A network of entangled quantum memories is an essential component of many emerging quantum technologies. These memories must be individually controllable with high fidelity, have long coherence times, and be implemented in a scalable way. Recently proposed blueprints for general-purpose quantum information processing call for solid-state spin-based quantum memories connected by switchable photonic links.¹⁻³ These blueprints have motivated the development of cryogenic photonic integrated circuit (PIC) platforms^4,5 and hybrid integration with diamond color centers.^6,7

As a first step toward integrating spin memories⁸⁻¹² into such scalable PIC-based architectures, high-performance single-channel devices were demonstrated with single color centers coupled to photonic waveguides.¹³⁻¹⁸ Recently multichannel diamond waveguide arrays supporting multiple stable color centers were successfully incorporated into a photonic integrated circuit using a high-yield, scalable process.^6,17 To realize the potential of these color-center-based devices for large-scale quantum information processing, this scalable photonic integration needs to be accompanied by scalable electron spin control. Microwave control of color center spins enables state manipulation,^19,20 entanglement generation,²¹⁻²⁴ and state transfer with long-lived nuclear memories.²⁵⁻²⁹

Here we demonstrate microwave control over many spins integrated into a scalable piezo-optomechanical photonics platform and explore methods of scaling this control.
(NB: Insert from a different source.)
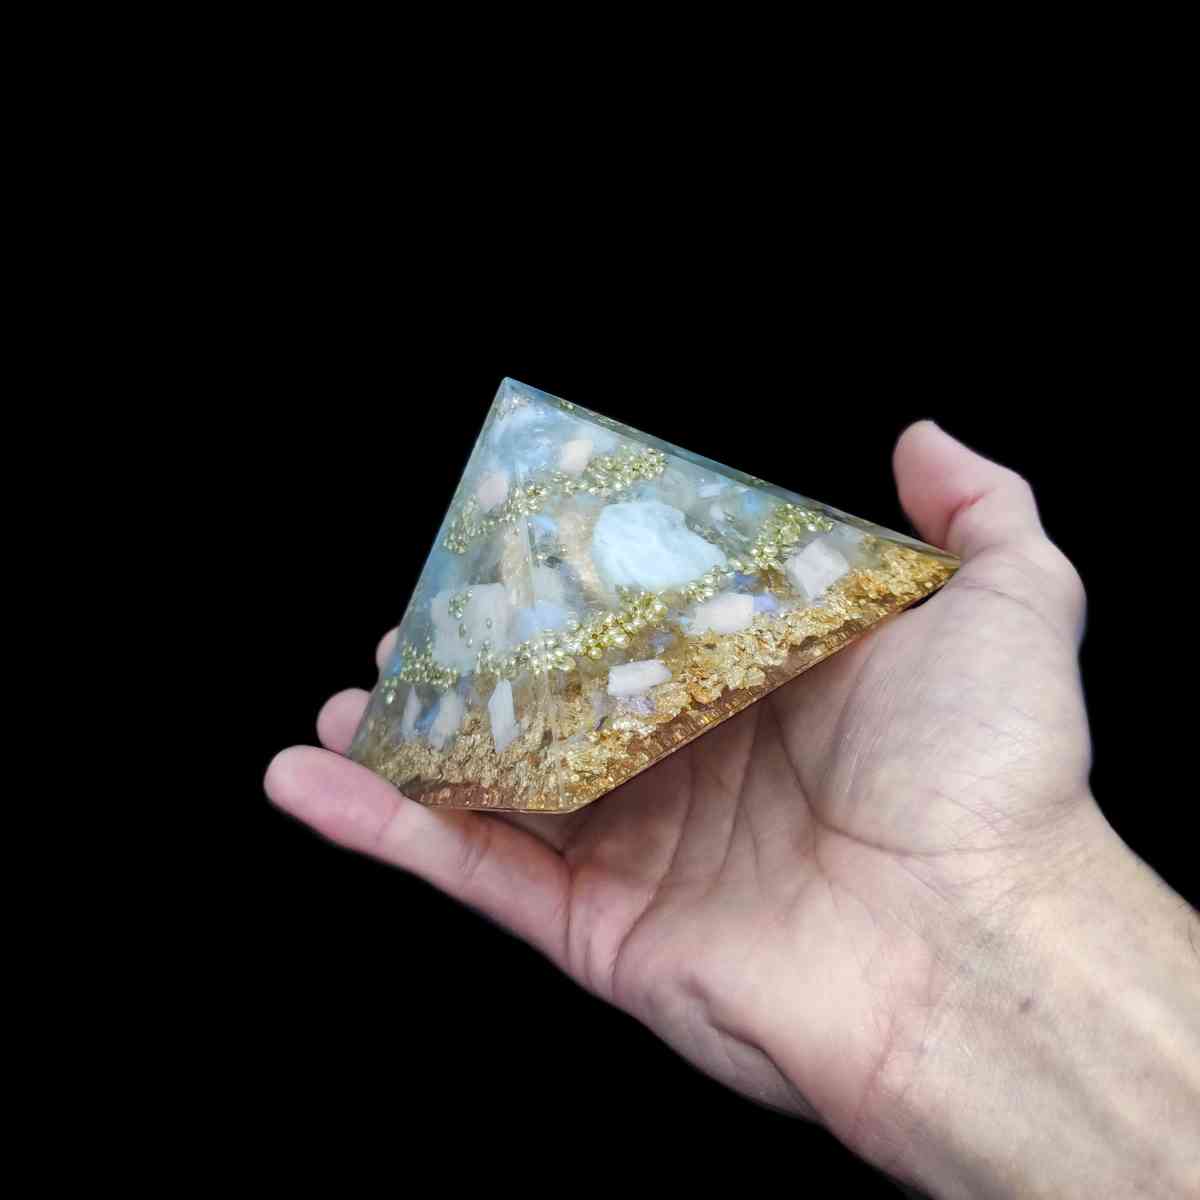 Orgonit Pyramide mit Regenbogenmondstein & Gold, welche von einer Hand gehalten wird.

First we describe on-chip spin control of diamond nitrogen-vacancy (NV) centers integrated into our PICs, fabricated in a wafer-scale, 200 mm CMOS-foundry process.^4,5,30,31 Our device structure, shown in Figure 1a, couples NV fluorescence to on-chip silicon nitride (SiN) waveguides and an edge-coupled optical fiber, enabling scalable and efficient optically networked state readout. A microwave transmission line beneath the color centers delivers a time-varying current, with a corresponding magnetic field, that allows for spin-state control.

Figure 1.

(a) Device structure showing spins in a QMC heterogeneously integrated into a PIC. A free-space laser excites NV centers at a particular location in the diamond waveguide, while NV fluorescence couples to the diamond waveguide mode. In the diamond sample used here, multiple NVs were present at each excitation spot. (b) A current I(t) supplied through the microwave line is used to manipulate NV spin qubits in the QMC. (c) Optical microscope image of the PIC showing an integrated wire for the delivery of microwaves below the diamond QMC. The scale bar is 6 μm. (d) Low-temperature photoluminescence (PL) spectrum of NV centers in the QMC. The inset shows the energy level diagram for NV centers subject to magnetic field B_z.

Scalability requires that individual, high-fidelity state control must be applied simultaneously to many optically networked spin qubits. However, maintaining separate microwave control channels for each qubit would dramatically increase the hardware requirements. Time-frequency multiplexed microwave control offers an alternative in which many spin qubits can be controlled through a single microwave channel. In a multiplexed scheme, scalability requires selectivity in control;³²⁻³⁵ i.e., it should be possible to apply a single-qubit gate on one spin while keeping the level of cross-talk with other spins low. Upon application of a single-qubit rotation by operator U_i on a selected spin i, the error on another spin j is given by

1

where U_j is the corresponding time propagator for spin j and the notation indicates that the expectation value is calculated in the ground or excited state.

In the rotating frame of a microwave control field with angular frequency ω_mw, Rabi frequency Ω(t), and phase φ(t), the Hamiltonian describing the interaction with spin i (which we model as a two-level system) is

2

where Ω_i and Δ_i must be real and σ_x and σ_y are Pauli matrices. Δ_i = ω_+,i – ω_mw is the detuning from spin transition frequency ω_+,i, which in a static magnetic field B⃗(r⃗_i), with small off-axis components, is approximately

3

where D_zfs is the zero-field splitting, B_z,i = ẑ•B⃗(r⃗_i) is the magnetic field component along the dipole axis (see Figure 1b), and γ_NV is the NV gyromagnetic ratio.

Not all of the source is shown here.